The madness of love was upon him; he held out his hands imploringly. But she repelled him with blazing eyes. “You must go!” she said. “Go at once! I will not see you again—I positively forbid you to come near me.”
He tried twice to speak, but each time she stopped him, crying, “Go, Mr. van Tuiver!” And so at last he went, almost crying with humiliation and distress, in his agitation forgetting his hat and gloves. So furious was Sylvia that she shut the door, and fell on the sofa weeping.

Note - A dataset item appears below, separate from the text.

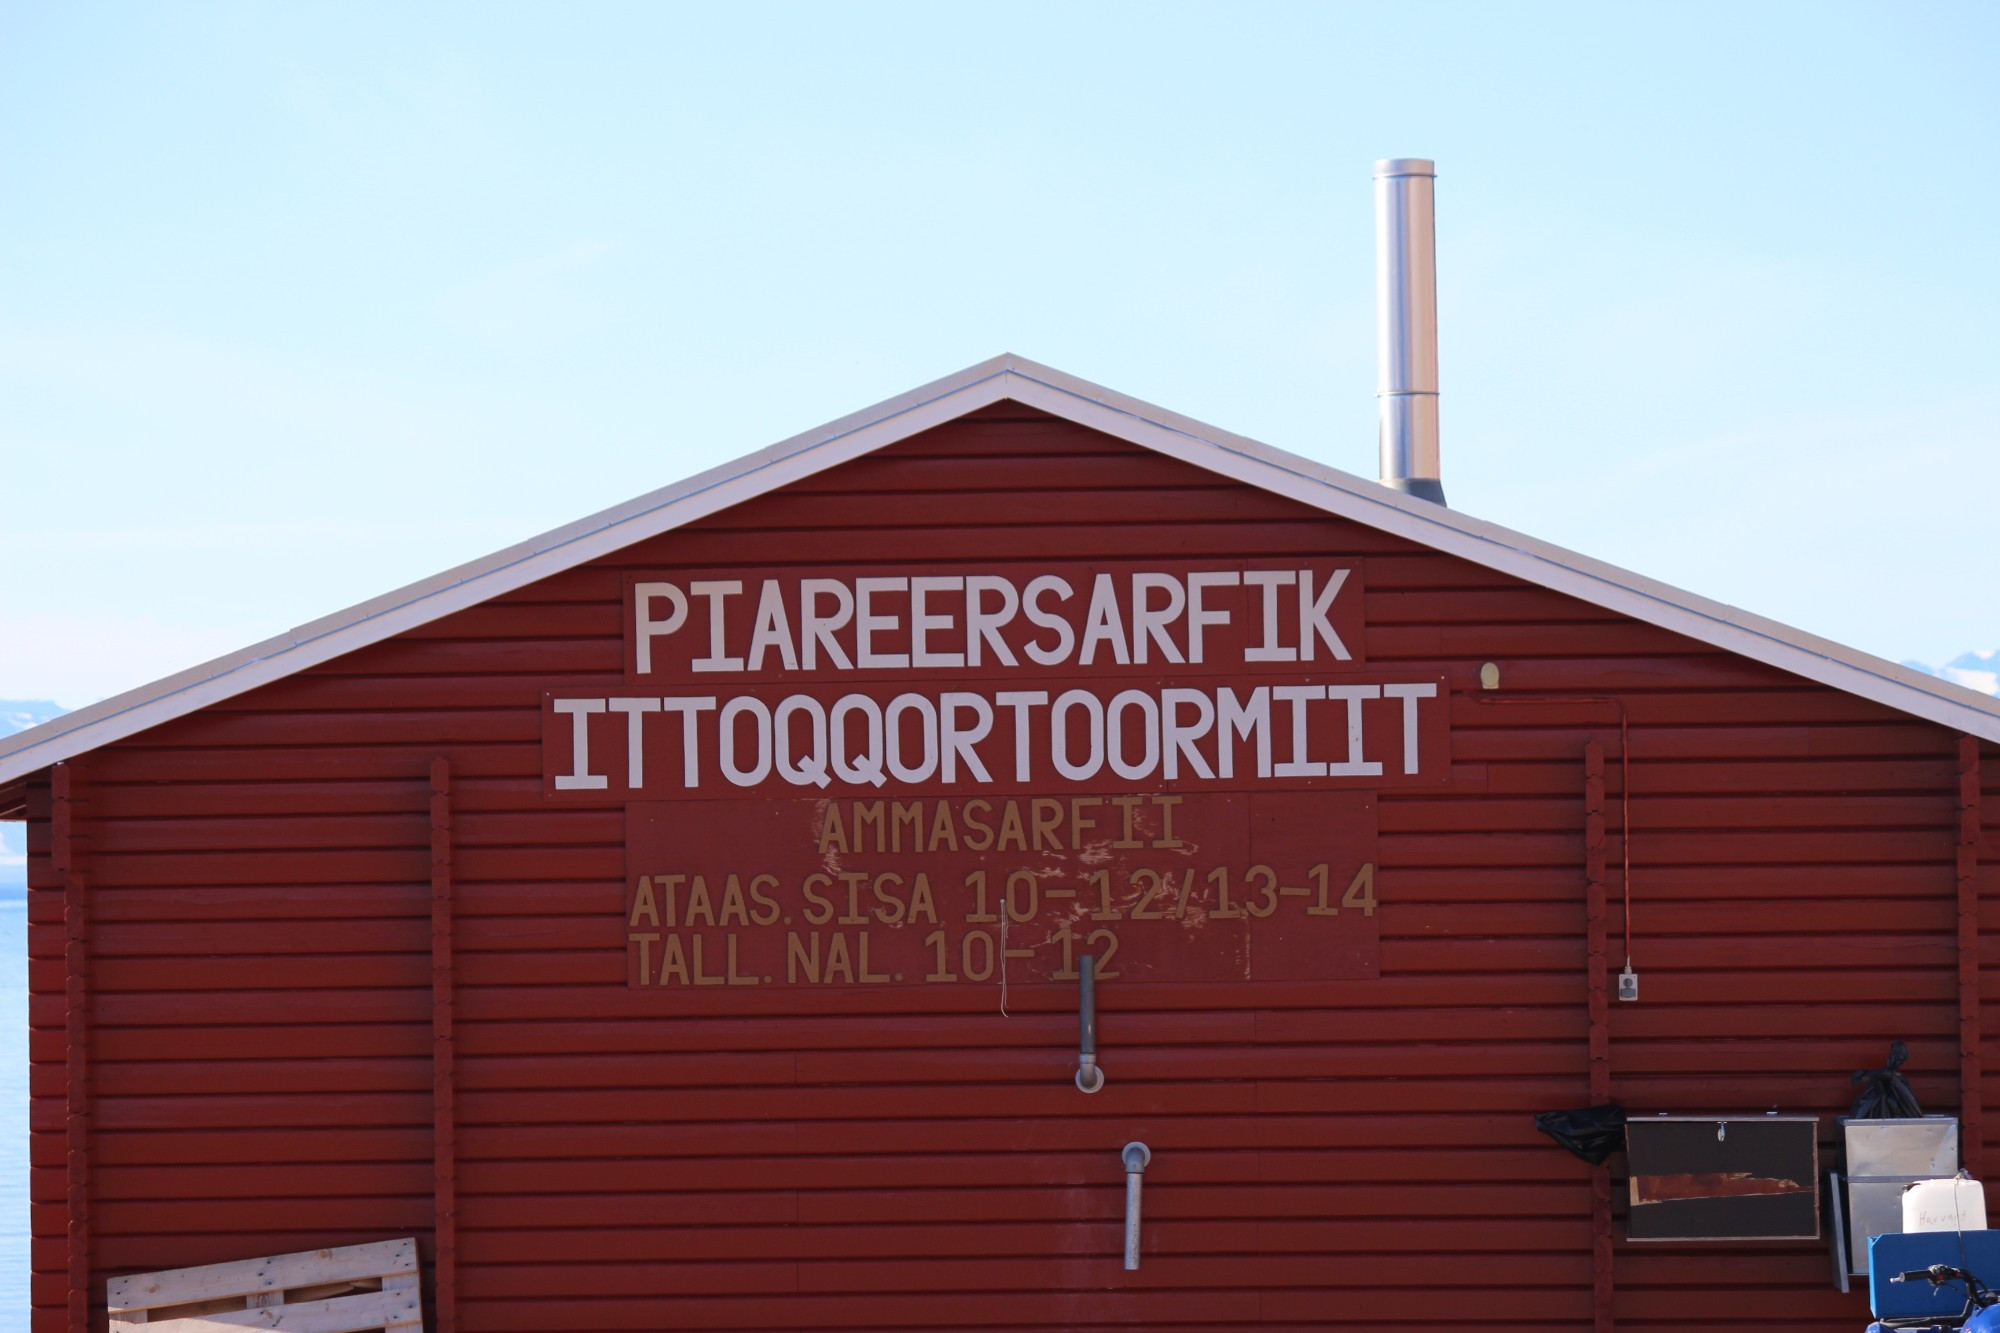 Ittoqqortoormitt, Greenland

When she came to look back on it, she was amazed by her vehemence. It could not have been the manner of the proposal, for he had been insufferable many times before, and she had managed to take a humorous view of it. Had it perhaps been seeing him in opposition to Frank which had fired the powder mine of her rage? Was it that jealousy of his power, of which she had spoken? Or was it the protective instinct with which Nature had endowed her maidenhood—that she could jest with him while he was seeking her friendship, but was convulsed with anger when he spoke to her of love?